The sun was still 15 minutes from rising when I turned into an area that had been logged the previous year. A half-mile down that trail two deer jumped up from a small island of immature poplars 30 feet away from me. I was truly startled. They crossed the trail I was on. The doe and young buck stopped 50 feet away, exposed from the knees up amidst the stumps, old branches, and plants, and looked back at me. Curious, the doe edged toward me after a minute of standoff. She snorted loudly and stamped her foot, trying to get me to move. I giggled. Fully alert, tails up, they bounded off.

Meanwhile, elk bulls had taken up their bugling which increased as the sky lightened. One was quite close, calling from the direction in which I was heading. Topping a small, sharp ridge a few hundred yards from my encounter with the deer, I found myself looking east directly into the sun as it crested the horizon. It was blinding. Standing there for a moment surveying the area which had been logged the previous winter, I realized that I was intensely close to the bull that had been calling. About 10 yards directly in front of me the ground dropped off sharply. I could see nearly a quarter-mile to the north, south, and east but because of the sun, not what was between 10 and 50 yards directly in front of me—just over the crest of the hill.

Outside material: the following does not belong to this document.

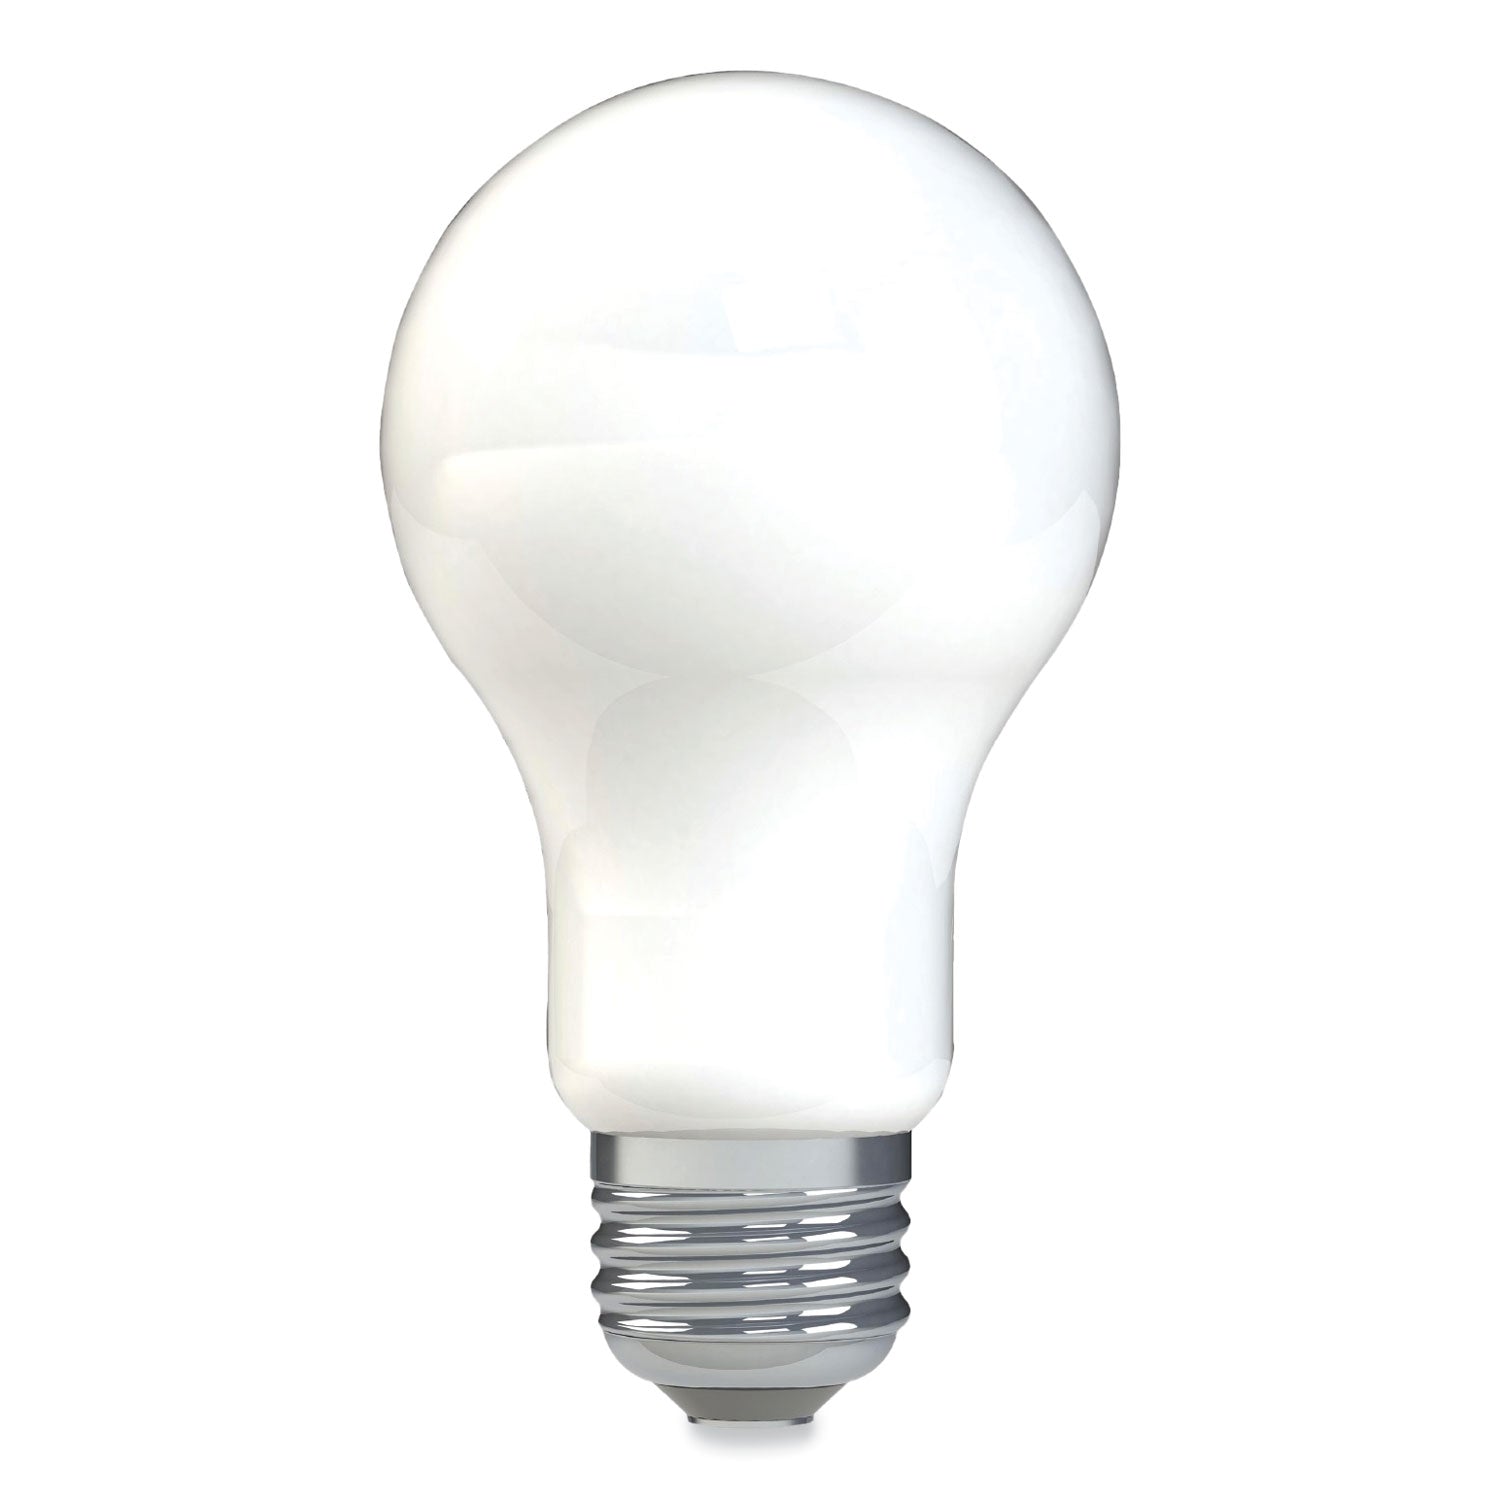 reveal-hd+-led-a19-light-bulb-8-w-4-pack_gel93129439 - 2

Then he called: “Eeeuuuuugh - uh - uh - uh.” It was positively painful to my ears; it was one of the most beautiful and exhilarating sounds I have ever heard. I had been close to bull elk in rut before, but never, never like this. I edged my way down the trail another 100 yards until the elk was directly below me. I awaited each call with dread for the pain it caused—and I could not wait to hear the next one. Then I noticed something peculiar. Each time he barked: “uh - uh - uh,” I felt a concussion on my body. It was phenomenal. It was as if a Brontosaurus might walk into sight at any moment.

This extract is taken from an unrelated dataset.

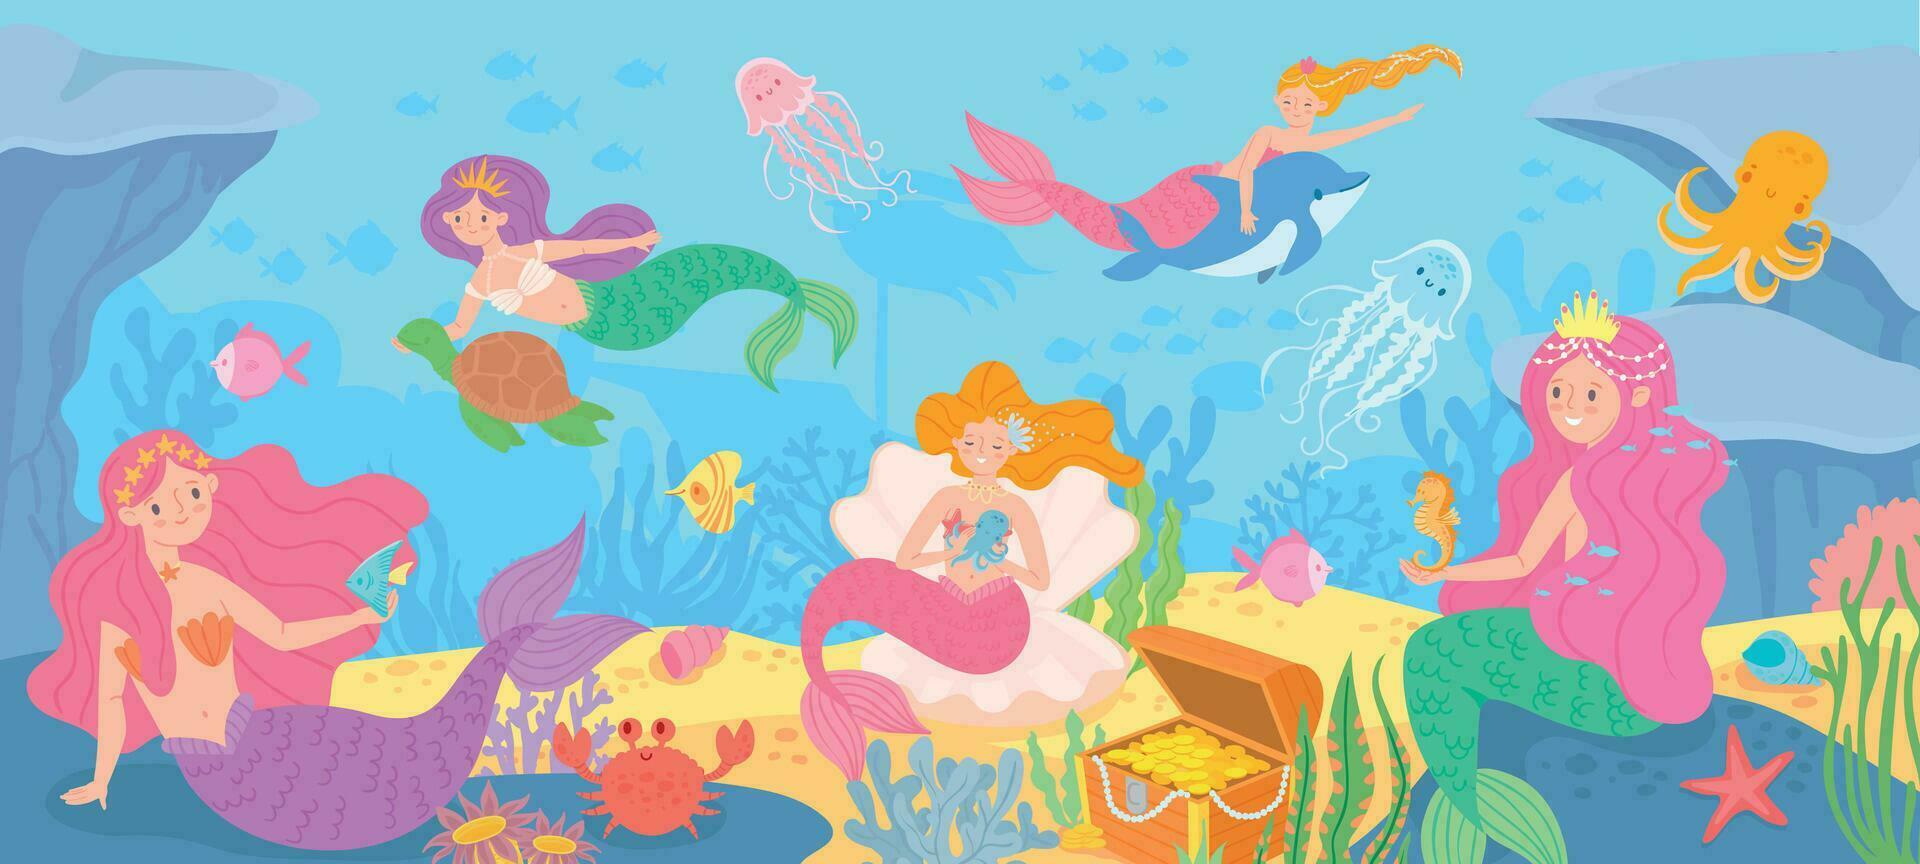 unter Wasser mit Meerjungfrauen. Meeresboden mit mythisch Prinzessinnen und Meer Kreaturen, Algen und Muschel, Krake, Schatz Karikatur Vektor Hintergrund

I wanted to sneak past him, but I had reached the end of the forest on my left. I was beginning to feel uncomfortable walking across open ground. I was cautious, fearing if I made a noise he might consider it another bull challenging him and come rushing at me head down. I had heard him tearing up the earth from time to time, but now it sounded as if he was coming up the hill in my direction! I quickly, but quietly retreated a few yards to the west and took shelter among some trees. When I realized that he was only tearing up more ground, I relaxed and sat down on a stump. Then another bull began challenging him from a patch of bush 200 yards to the south. This incited him more. His heavy breathing and maniacal raging permeated everything. For nearly a half-hour I sat there. It was beyond words.

I did not want it to end, but I needed to move on so I decided to make him aware of my presence. In a voice spoken just above a whisper I said: “If you don’t mind, I’d like to get going now.” Silence. One to two minutes passed. Then from 200 yards to my right he called again, and I knew he had moved off. I cautiously went my way.

A mile later I surprised a large buck and then spent the rest of the morning walking quietly. On the way home, I visited with some friends over coffee, entered my GPS readings on a map at the kitchen table, took a nap, and putzed around the farm in the afternoon—in my heart never far away from the morning’s events.